Virology, Nebraska Center for

 

Document Type

Article

Date of this Version

12-1-2016

Citation

2016 Authors

doi:10.1016/j.virep.2015.03.002

Comments

Virol Rep. 2015 December 1; 5: 47–55.

Abstract

Simian immunodeficiency virus (SIV) is a robust pathogen used in non-human primates to model HIV vaccines. SIV encodes a number of potential vaccine targets. By far the largest and most conserved protein target in SIV is its gag-pol protein that bears many epitopes to drive multivalent immune T cell responses. While gag-pol is an attractive antigen, it is only translated after a frame shift between gag and pol with the effect that gag and pol are expressed at an approximate 10/1 ratio. The codon bias of native lentiviral genes are also mismatched with the abundance of tRNAs in mammalian cells resulting in poor expression of unmodified SIV genes.
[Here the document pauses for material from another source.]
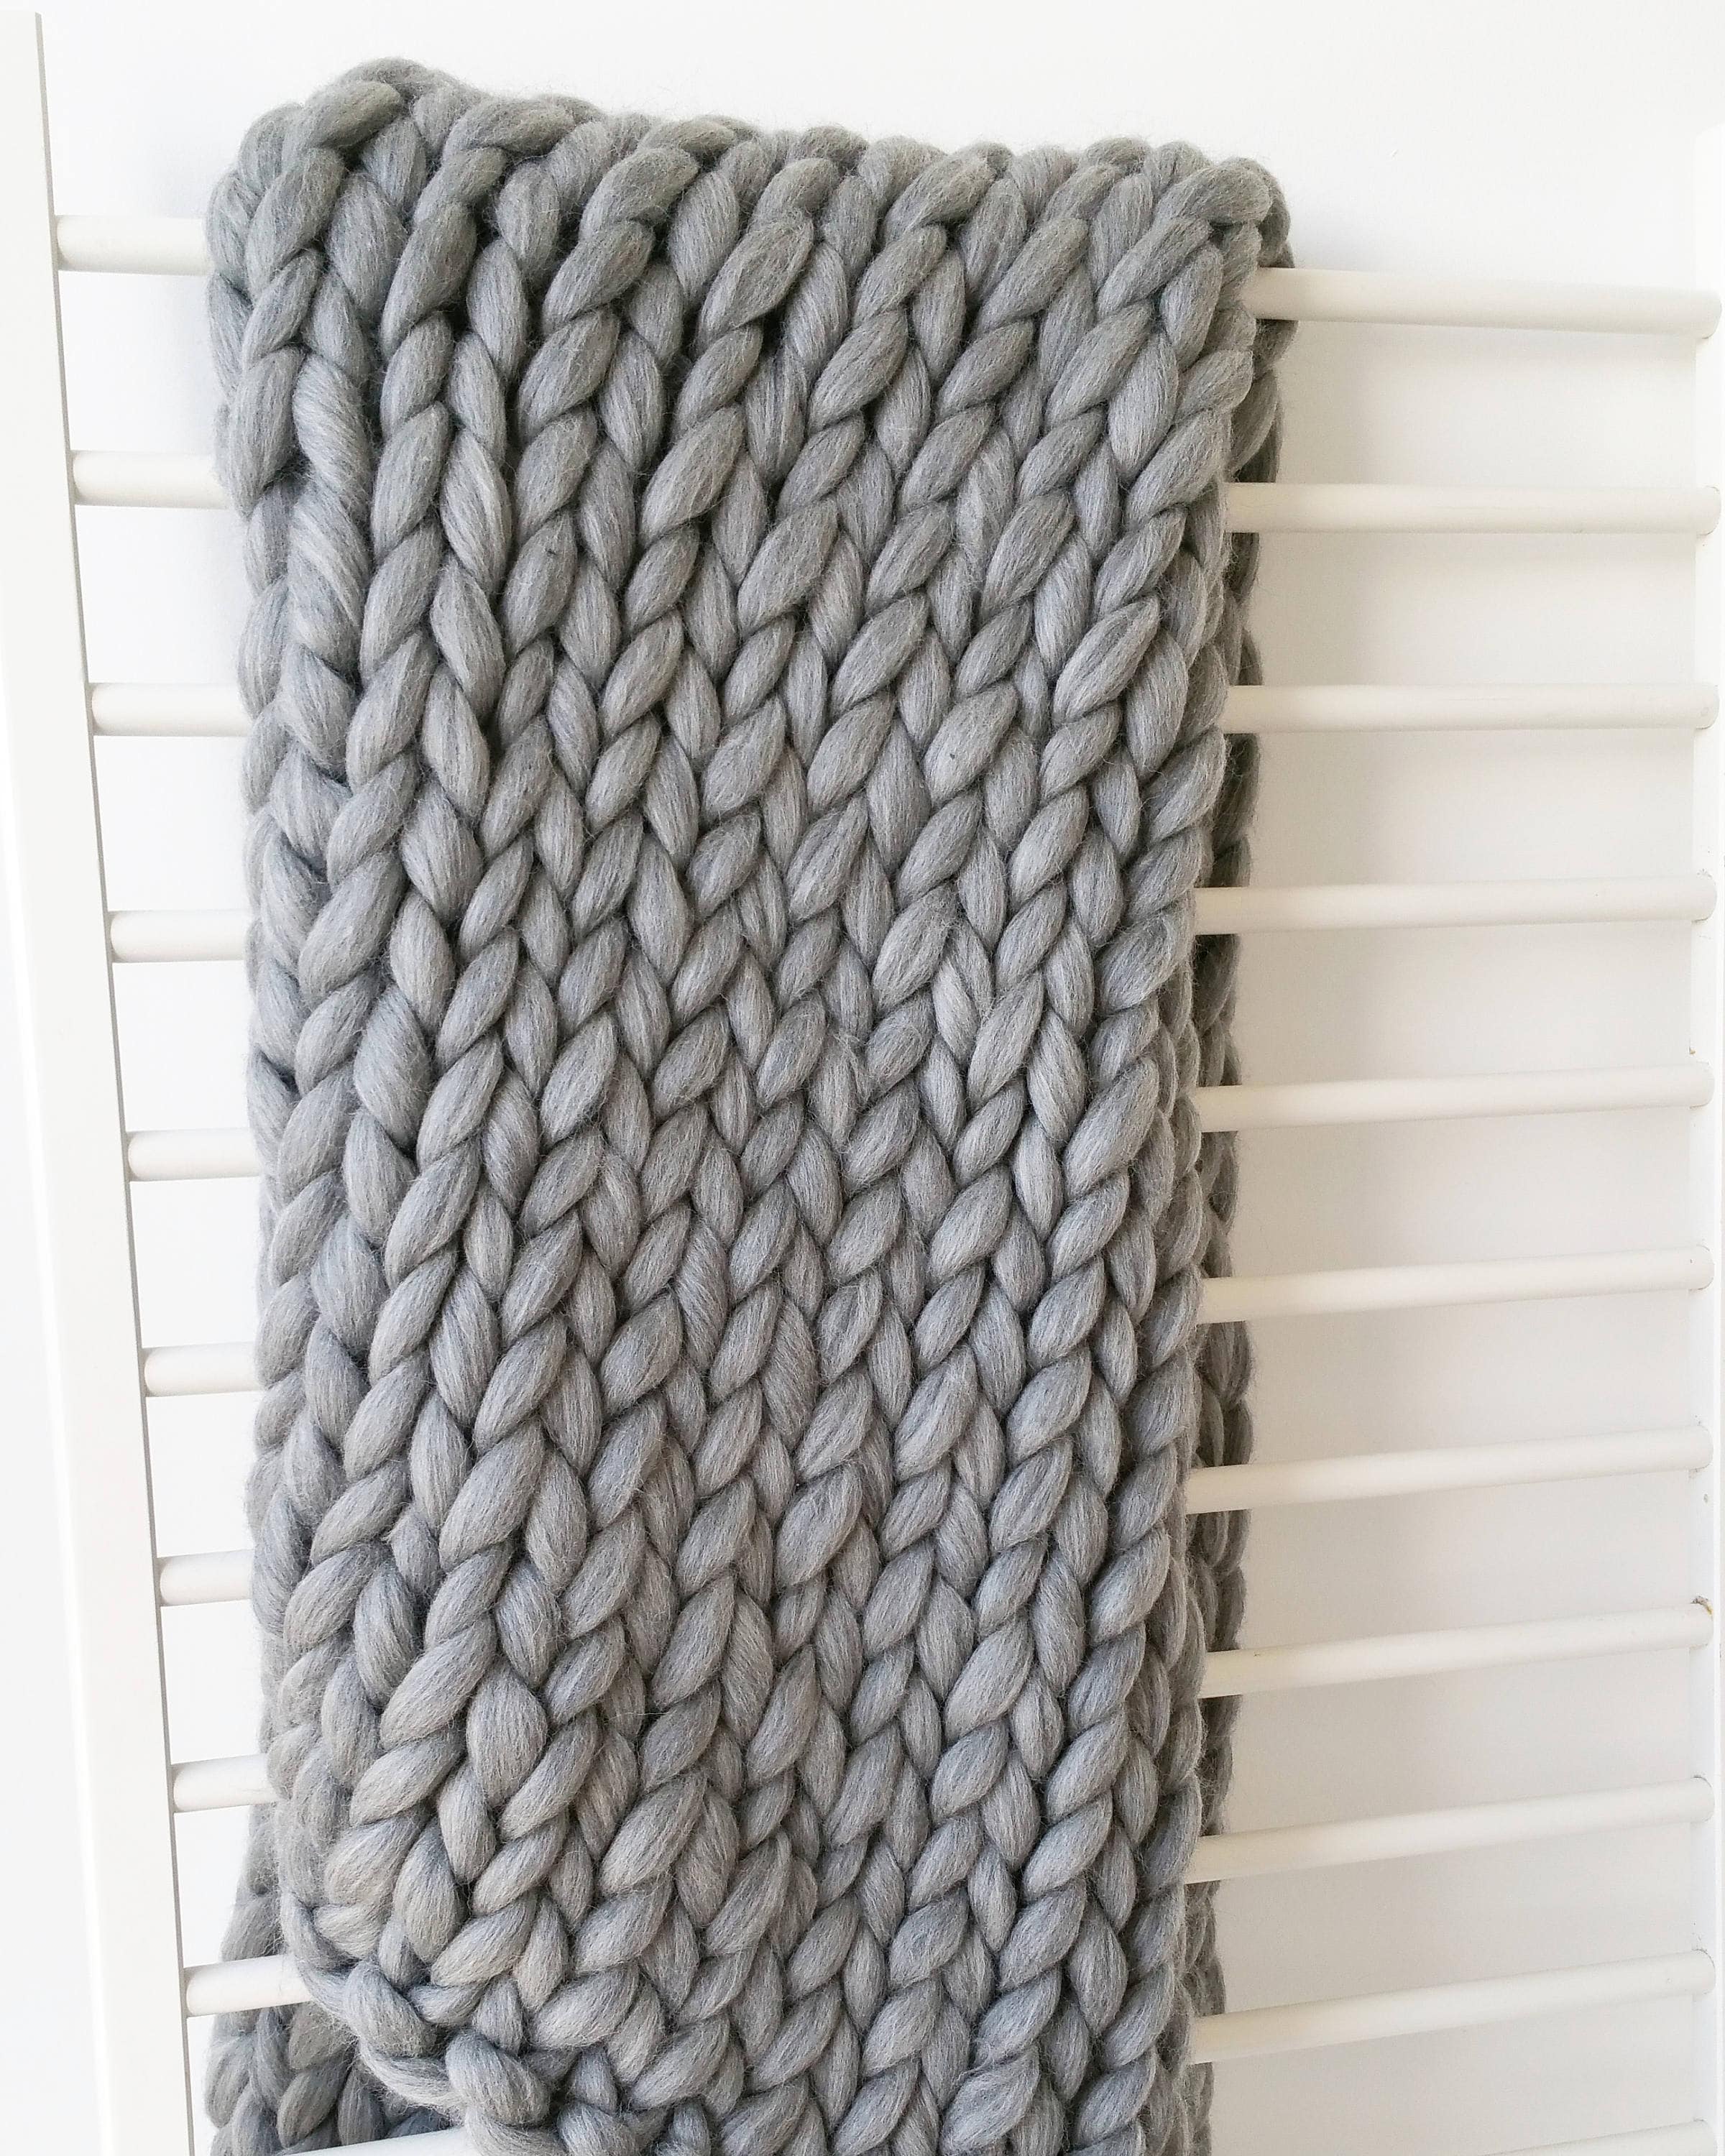 Chunky Knit Blanket Throw Merino Wool Blanket Home Decor

To provide a better SIV gag-pol immunogen for gene-based vaccination, we codon-optimized the full gag-pol sequence from SIVmac239. To increase pol expression, we artificially moved the pol sequence in frame to gag to bypass the need for a translational frame shift for its expression. Finally, we inserted four "self-cleaving" picornavirus sequences into gag p24, protease, reverse transcriptase, and into integrase to fragment the proteins for potentially better immune presentation. We demonstrate that these immunogens are well expressed in vitro and drive similar antibody and T cell responses with or without cleavage sequences.